▸ Task requirements
Make an exact copy of the listing, without images.

[Dataset section Boundary: Start]

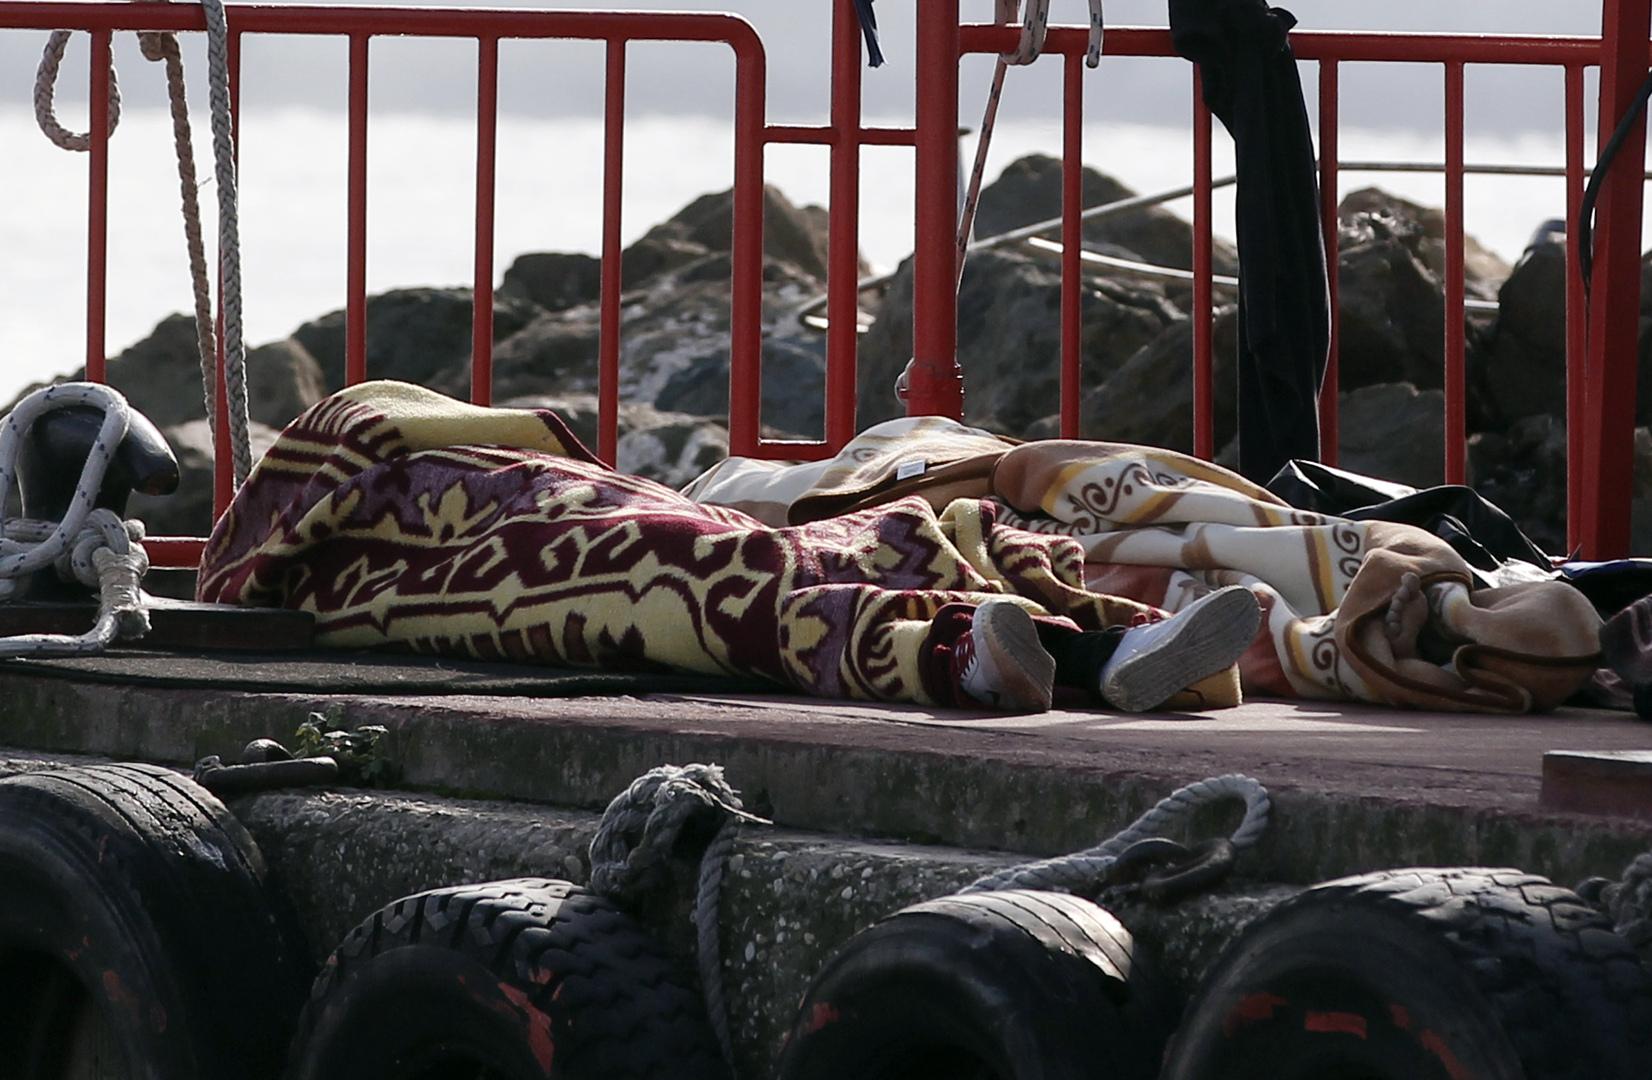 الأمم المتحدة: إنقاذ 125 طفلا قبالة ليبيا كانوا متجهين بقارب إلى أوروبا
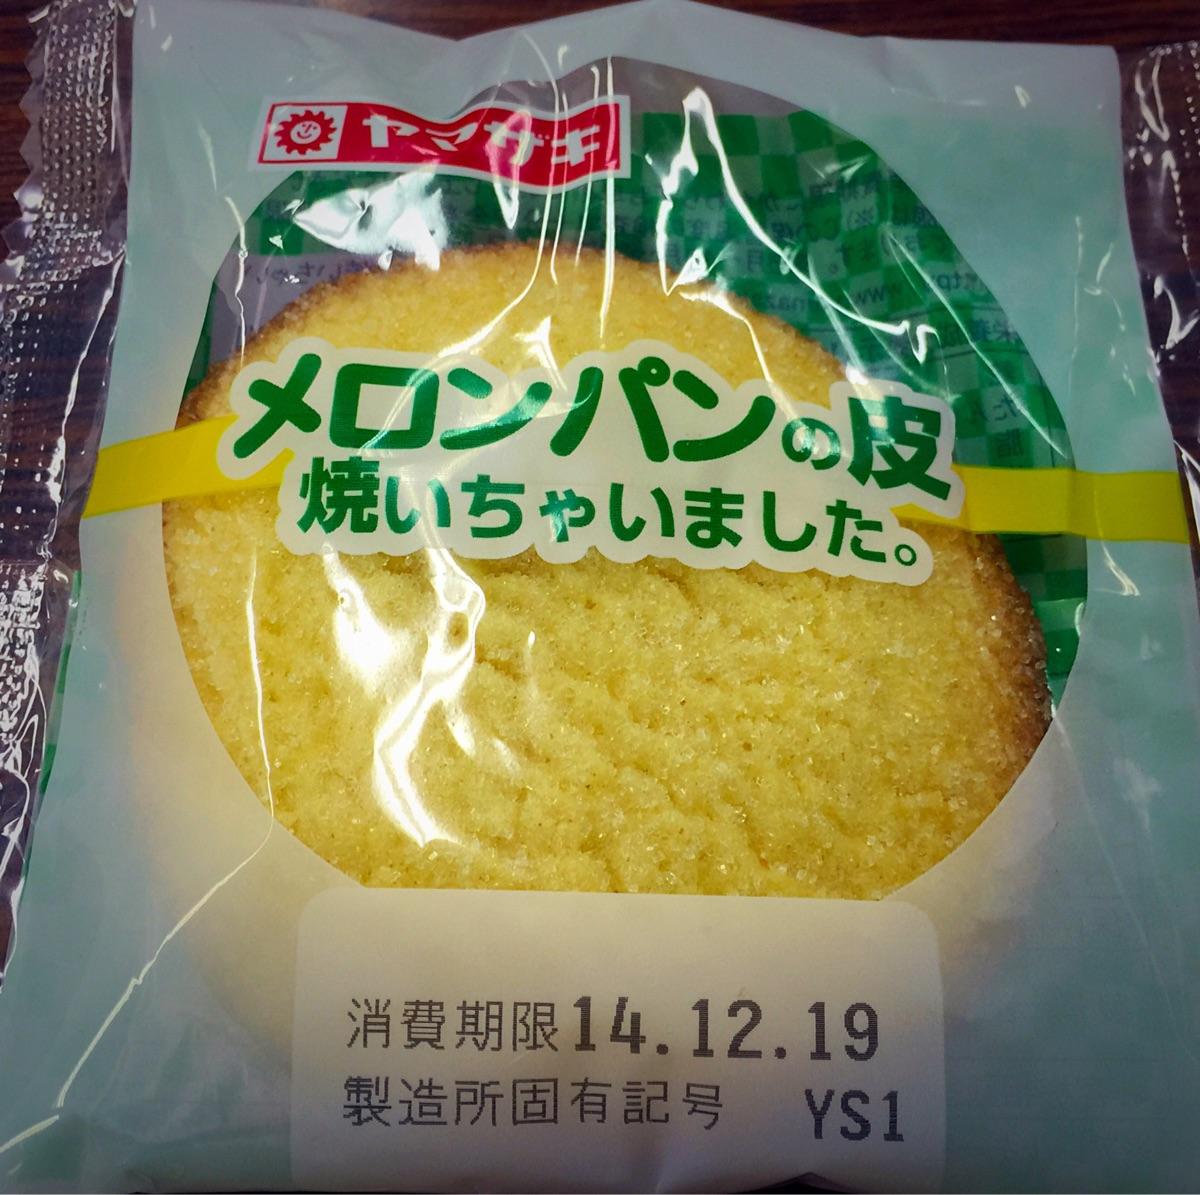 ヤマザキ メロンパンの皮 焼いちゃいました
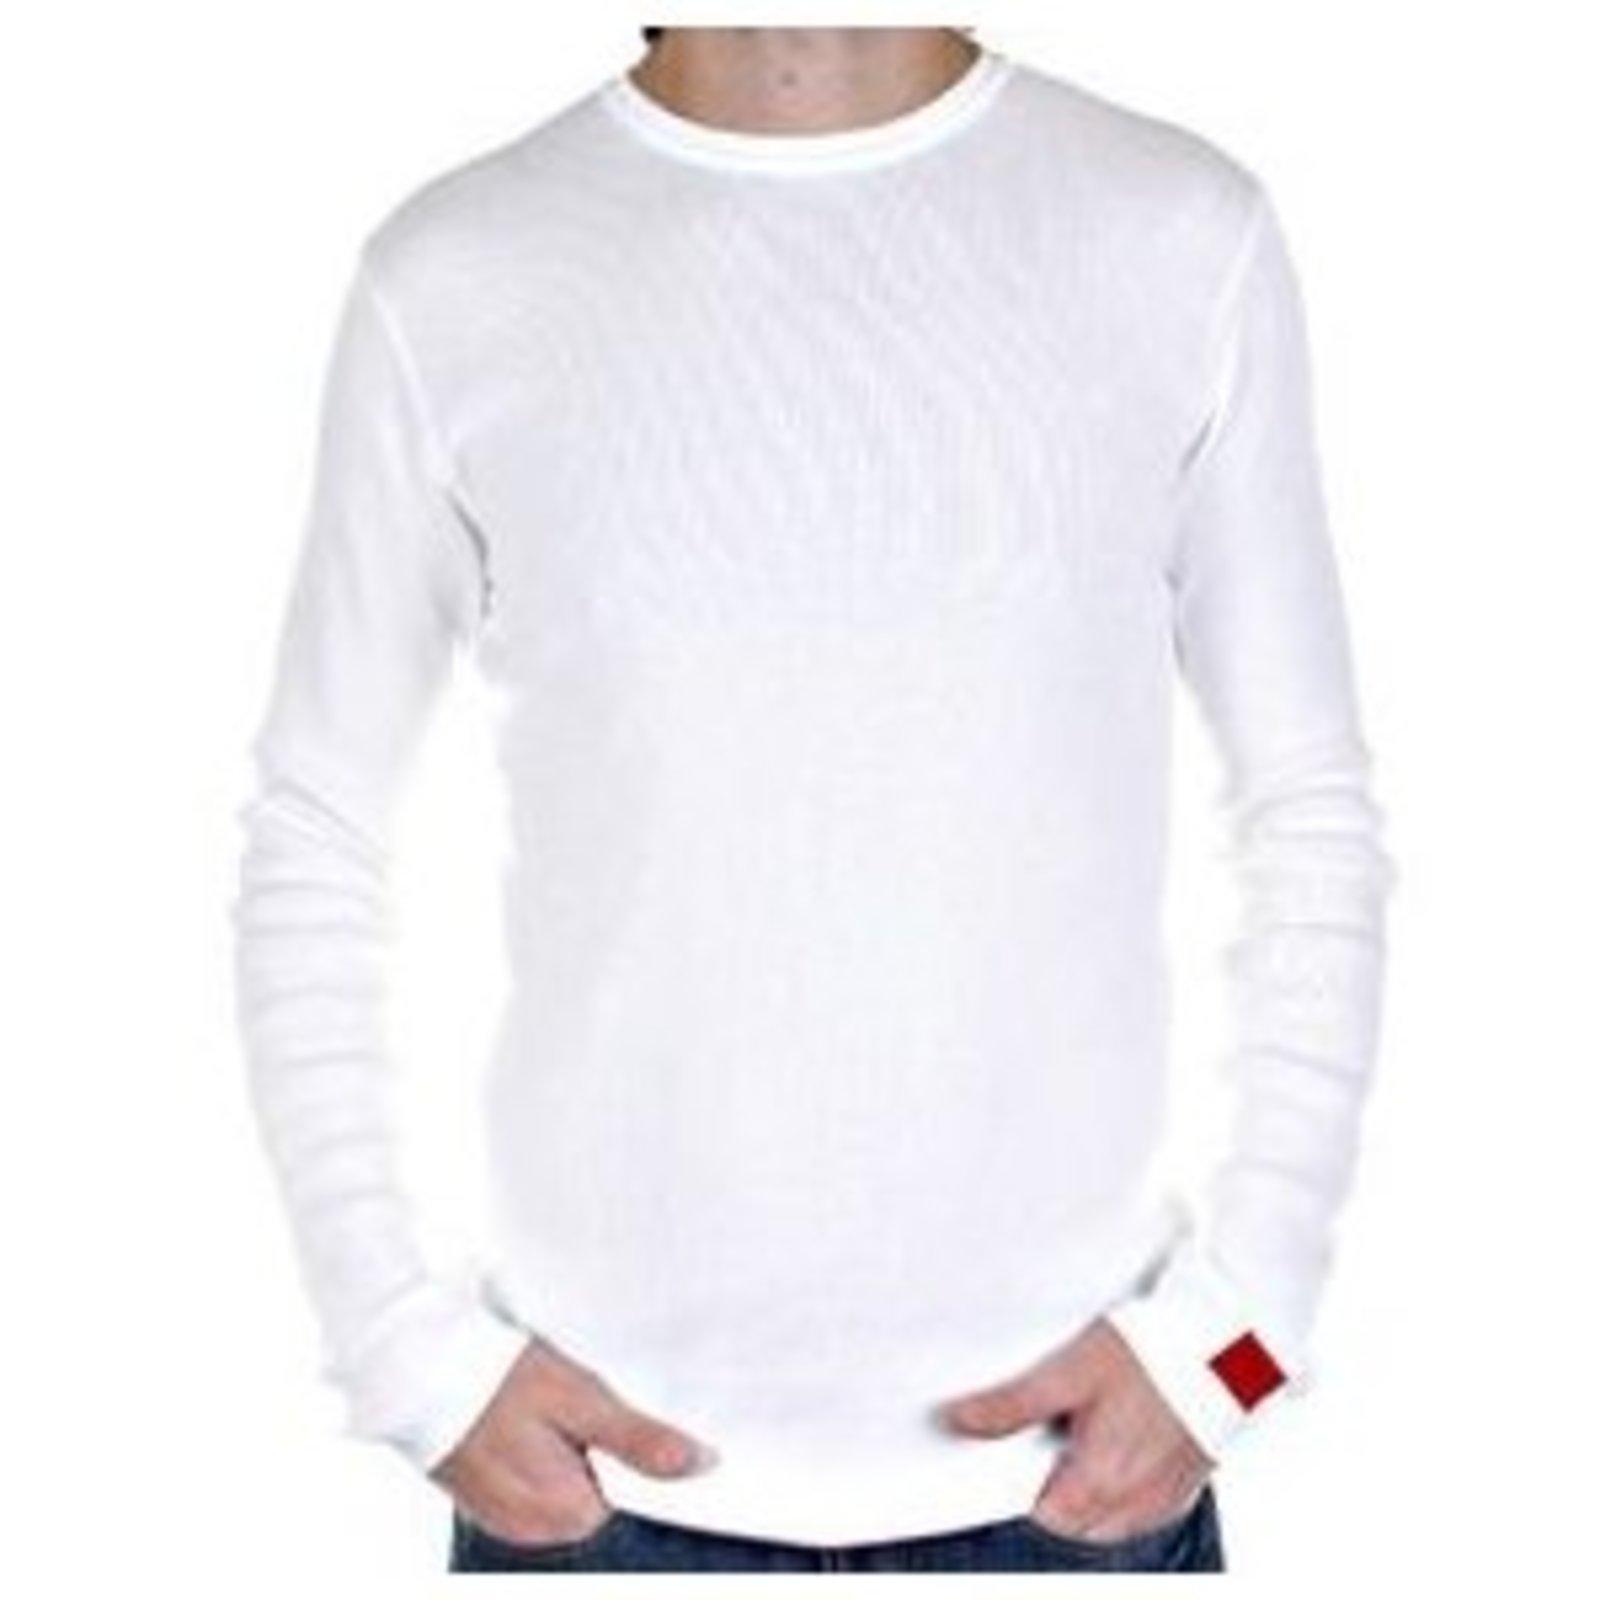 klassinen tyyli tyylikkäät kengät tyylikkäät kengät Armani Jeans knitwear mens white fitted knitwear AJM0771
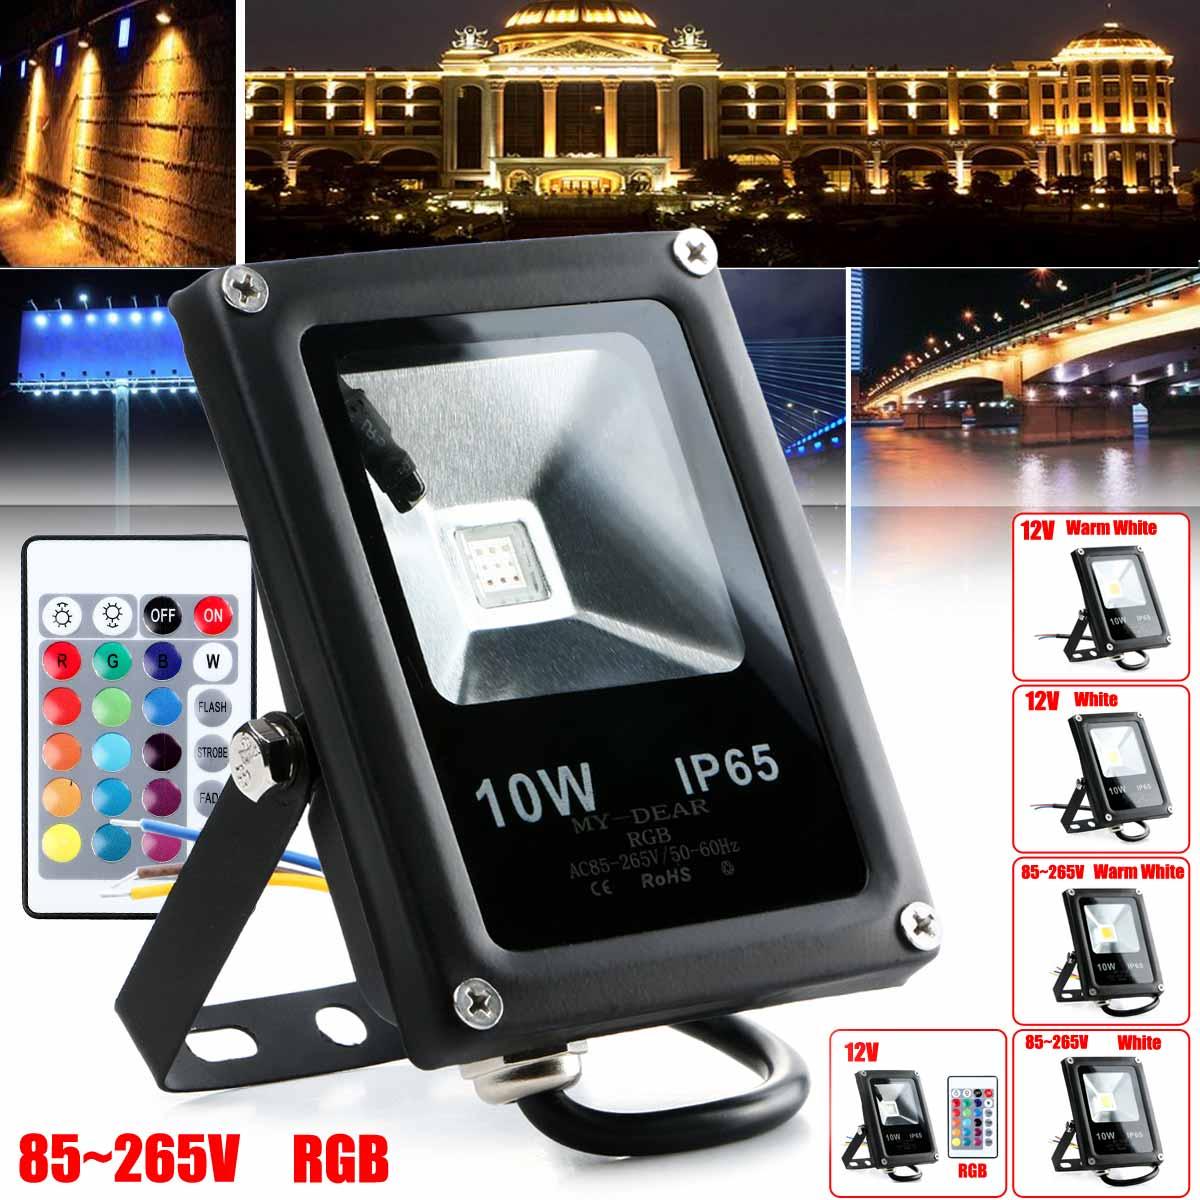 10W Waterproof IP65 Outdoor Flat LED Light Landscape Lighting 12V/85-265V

[Dataset section Boundary: End]

▸ Response to this exercise
 الأمم المتحدة: إنقاذ 125 طفلا قبالة ليبيا كانوا متجهين بقارب إلى أوروبا
 ヤマザキ メロンパンの皮 焼いちゃいました
 klassinen tyyli tyylikkäät kengät tyylikkäät kengät Armani Jeans knitwear mens white fitted knitwear AJM0771
 10W Waterproof IP65 Outdoor Flat LED Light Landscape Lighting 12V/85-265V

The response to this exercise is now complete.